Home WORLD CHINA China imposes a zero-Covid policy on a 3.5-million-strong city

China imposes a zero-Covid policy on a 3.5-million-strong city

Over the past three days, more than 70 coronavirus cases have been found in a Chinese city of 3.5 million people near the Vietnamese border, triggering a lockdown on Monday.
As it prepares to host the Beijing Winter Olympics, China, the only major country in the world with a strict zero-Covid policy, is on high alert for any outbreaks.

No one will be permitted to leave the city of Baise in the southern Guangxi region, according to local officials, who also declared that residents of various districts will be confined to their houses.

Vice-mayor Gu Junyan said during a press conference that “citywide traffic regulations will be enforced.”

“Vehicles and people cannot enter or exit the city in principle… with stringent personnel control and no superfluous movement of people.”

According to Gu, residents of numerous neighbourhoods in Baise’s jurisdiction’s smaller rural cities and counties have been placed under strict house arrest, while others are unable to leave their territory.

According to officials, Baise, which is around 100 kilometres (62 miles) from the Vietnamese border, identified its first local case on Friday: a traveller who had returned home for the week-long Lunar New Year holiday.

China has constructed a tightly enforced wire mesh fence along its southern border to keep out illegal migrants from Vietnam and Myanmar, as well as possible Covid-19 infections, since the outbreak.

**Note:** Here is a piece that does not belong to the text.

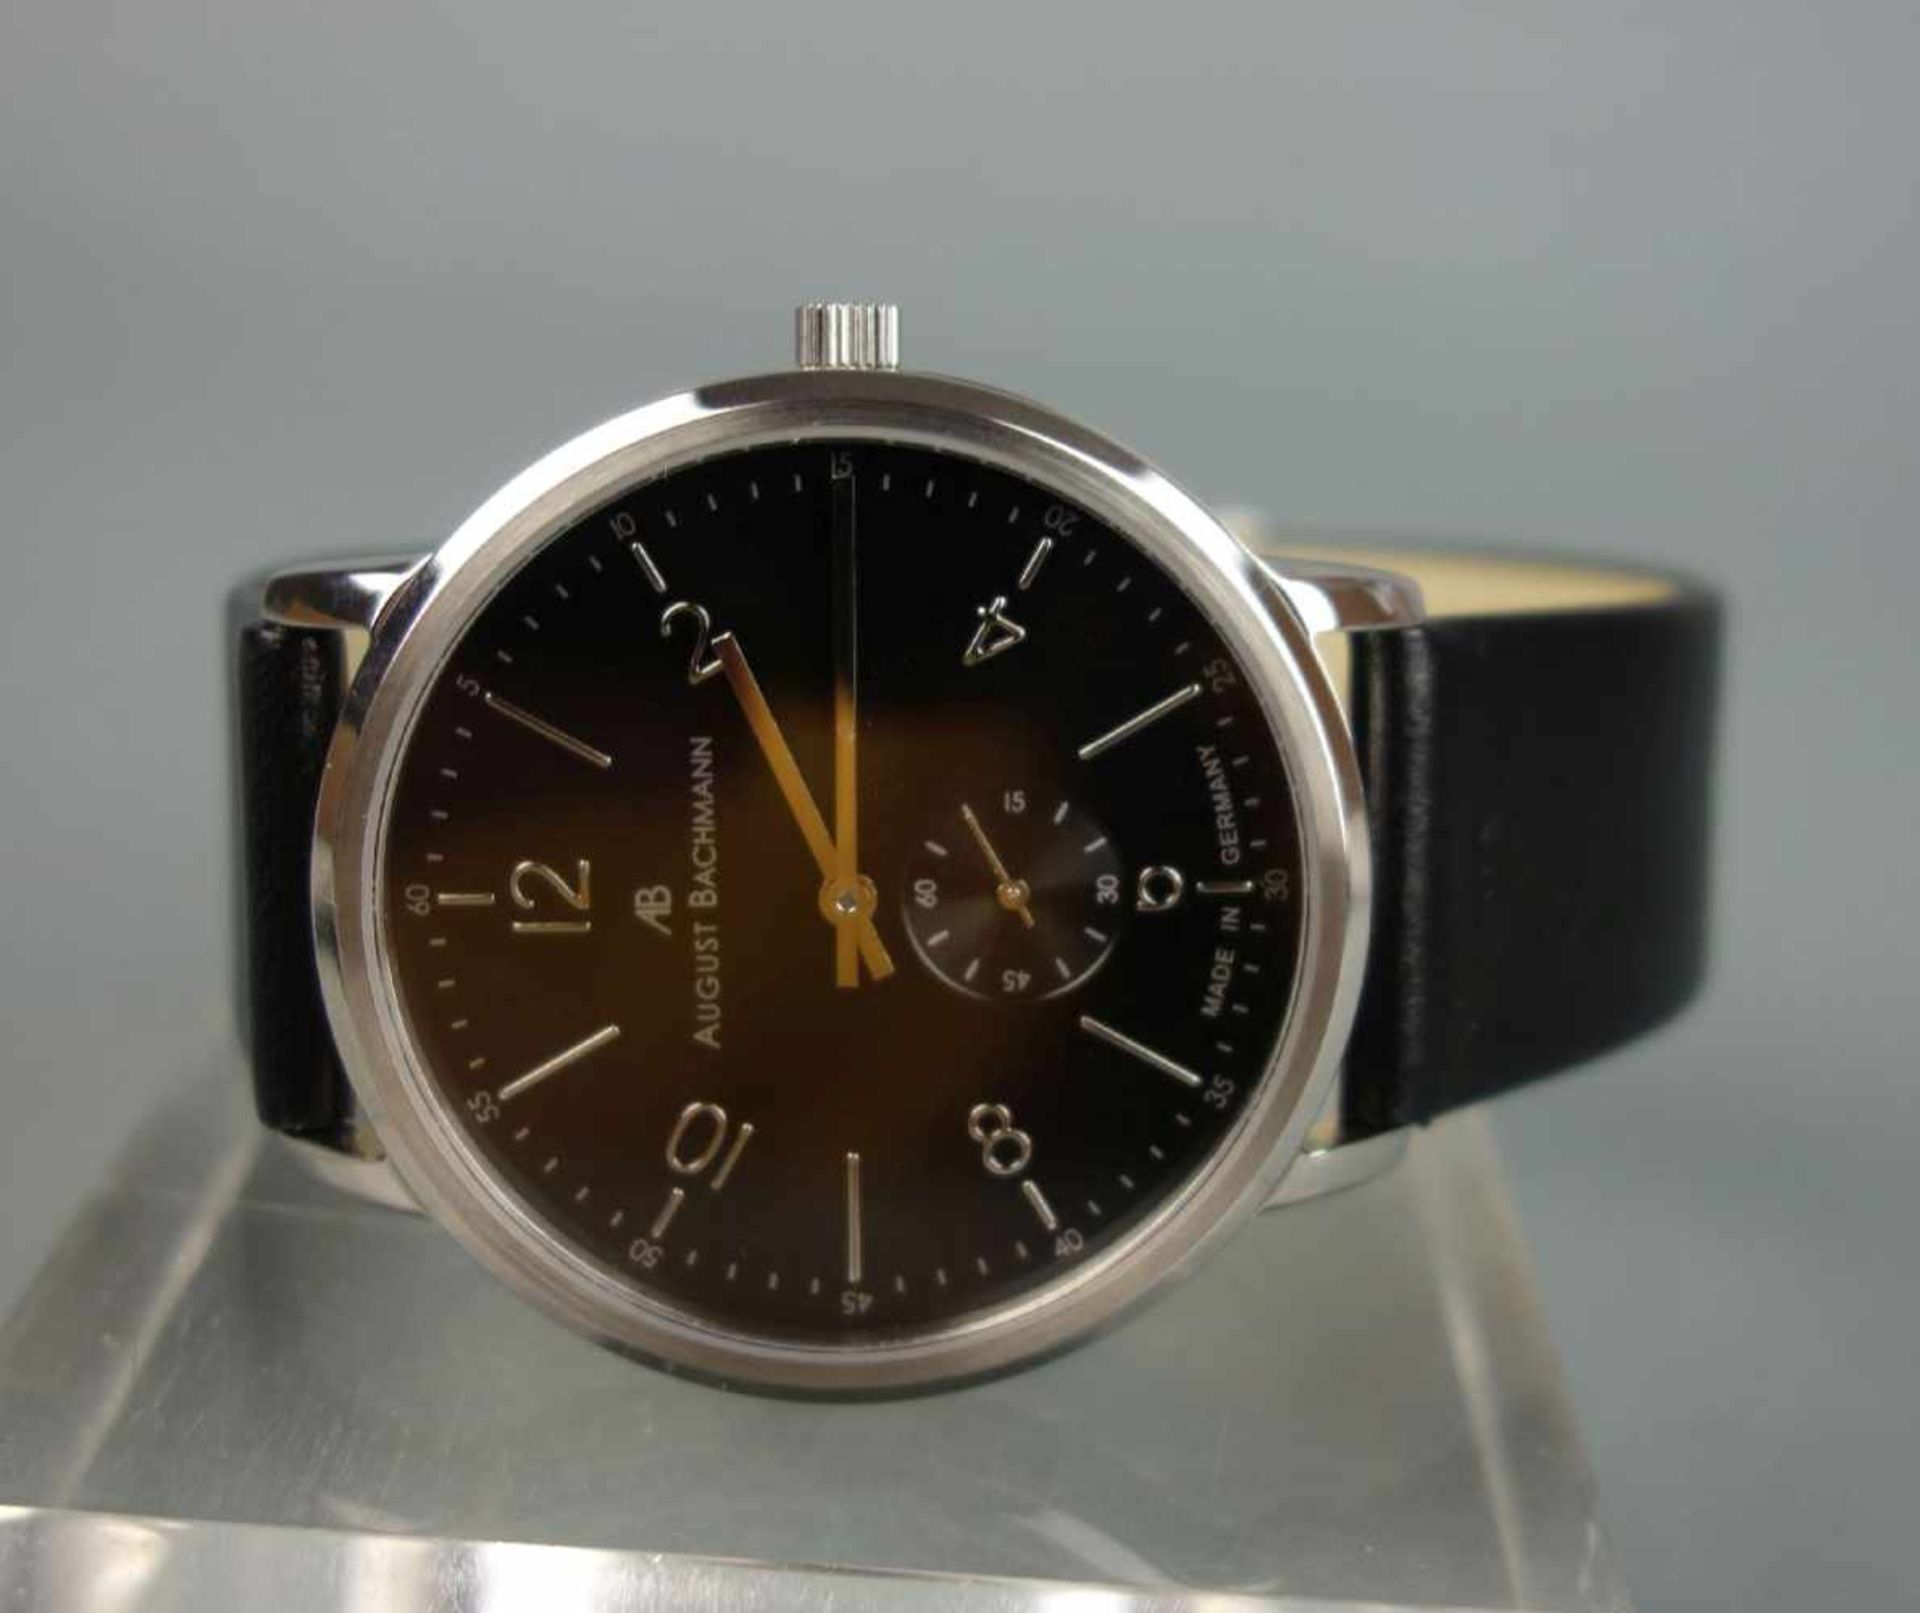 ARMBANDUHR / wristwatch, Quarz-Uhr, Manufaktur August Bachmann / Deutschland. Modell "10101.35. - Image 2 of 4

Authorities claim that residents are already being tested in huge numbers.

Since the coronavirus pandemic first surfaced two years ago in Wuhan, Hubei province, China has deployed severe local lockdowns, mass testing, and contact-tracing applications to try to remove outbreaks as as soon as cases are identified, preventing the high fatality rates reported elsewhere.

In the run-up to the Olympics, instances of both the Delta and Omicron coronavirus strains erupted, confining millions of people to their homes in a number of Chinese cities. The outbreaks were largely eradicated.

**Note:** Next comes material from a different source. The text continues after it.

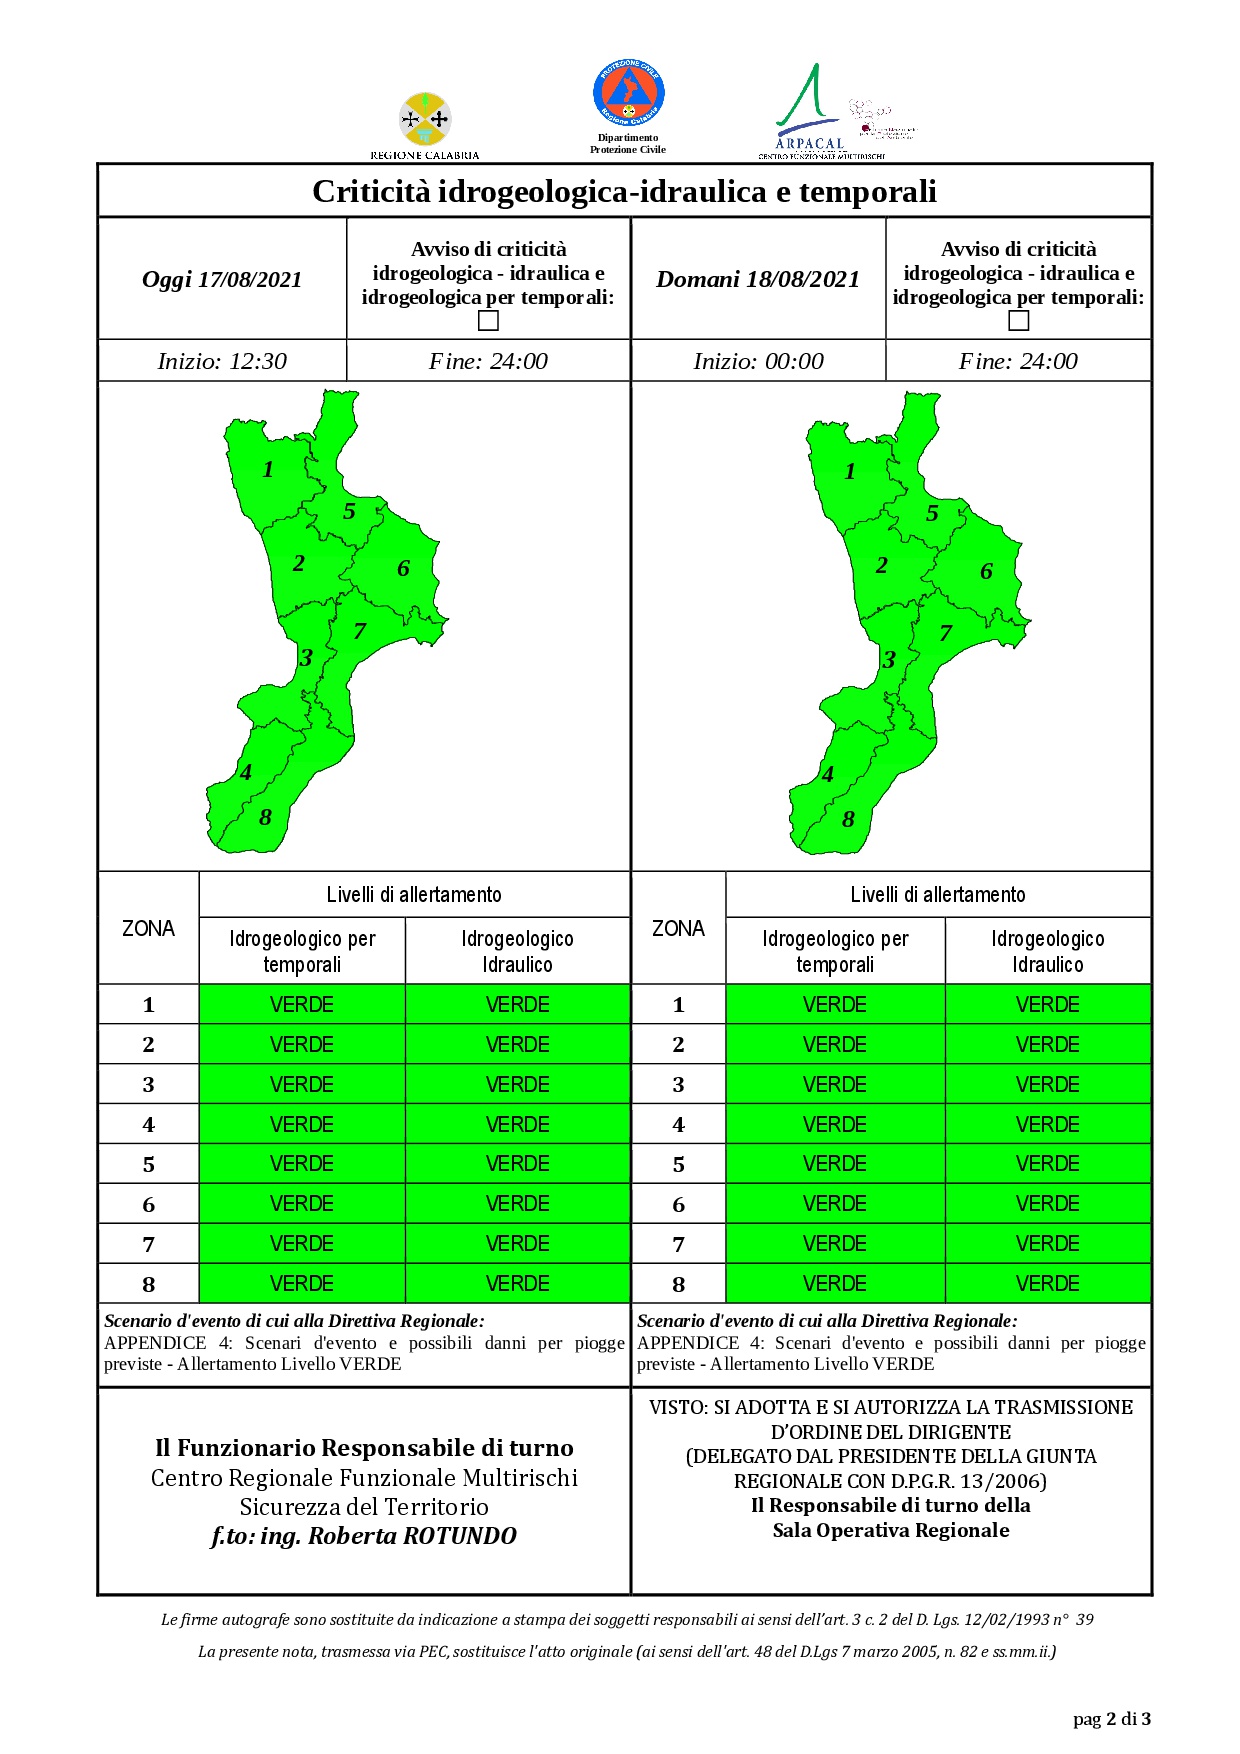 Criticità idrogeologica-idraulica e temporali in Calabria 17-08-2021

Following an outbreak of more than 2,000 cases in December, 13 million people of the northern megacity of Xi’an were placed under strict home confinement for more than a month.

Residents complained about food shortages and local officials’ too strict execution of lockdown restrictions, which prevented patients from receiving necessary medical treatment, resulting in deaths in certain cases.
On Monday, China recorded 79 new cases across the country, 37 of which were in Guangxi.

Meanwhile, Hong Kong’s zero-Covid policy is in jeopardy after a record number of new infections were reported over the weekend, prompting officials to scramble to increase testing capacity and warn that virus-control measures may need to be tightened.